Хряк не ответил. Да и так было понятно: наступления сытости и перехода к познанию окружающего мира ожидать не приходилось, ведь Самсону шесть морковок как мне горсть крошек.
— Плохо Самсон, очень плохо! — пожурил я его. — Впрочем, свин ты и есть свин — чего с тебя взять, — беззлобно заметил я. Глупо, конечно, разговаривать с хряком, но он по крайней мере умеет слушать. — А вот ты представь себе: человек уже не может без подсказки и шагу ступить. Он непрерывно спрашивает у искусственного разума, что ему следует сделать, как поступить, чем перекусить, что купить и где находится предмет его интереса. Ни памяти, ни суждений — набор примитивных моторных навыков. Хорошо ли это?
— Хрю!
— Правильно: плохо! Неужели человек сам не в состоянии решить, как ему следует поступить, и что необходимо сделать?

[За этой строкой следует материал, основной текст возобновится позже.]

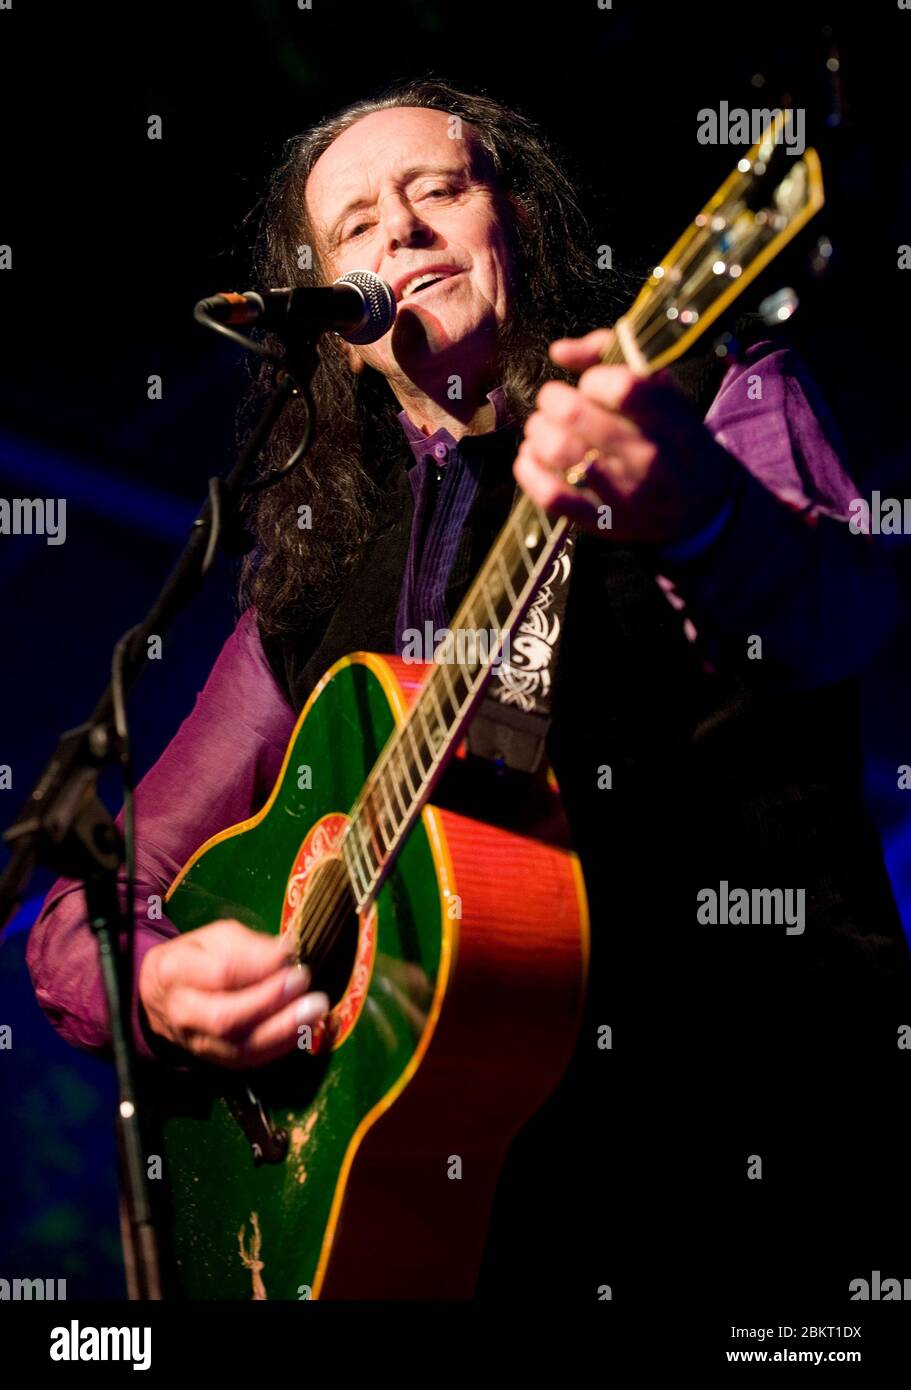 Der britische Sänger, Songwriter und Gitarrist Donovan auf der Bühne beim Moseley Folk Festival am 4. September 2010. Bild von Simon Hadley Stockfoto

Самсон перестал жевать и уставился на меня. Вопрос, похоже, его озадачил. Глупости, конечно, но мне было приятно, что кого-то интересуют мои пустые размышления. Хряк тем временем сглотнул остатки морковки и повел пятачком, втягивая воздух.
— Нет больше морковки, — сказал я ему, но хряк не поверил мне и ткнулся пятачком в карман брюк. — Ну что, убедился?
Хряк недовольно хрюкнул и издал тяжкий вздох.
— Слушай! — я подскочил на бугорке от внезапно охватившего меня волнения.
Самсон с надеждой скосил левый глаз.
— Нет, морковка точно закончилась. А вот насчет эфорамок…
— Федя? Ты чего здесь шумишь? — донеслось из-за кустарника, росшего за моей спины.
Голос был мне хорошо знаком, и я не стал оборачиваться. Сейчас, конечно, Степан примется выговаривать мне.
— А этот откуда здесь взялся? — удивленно воскликнул Степан, заметив прибившегося ко мне хряка.
— Пришел навестить друга, — буркнул я. — Вдвоем веселее.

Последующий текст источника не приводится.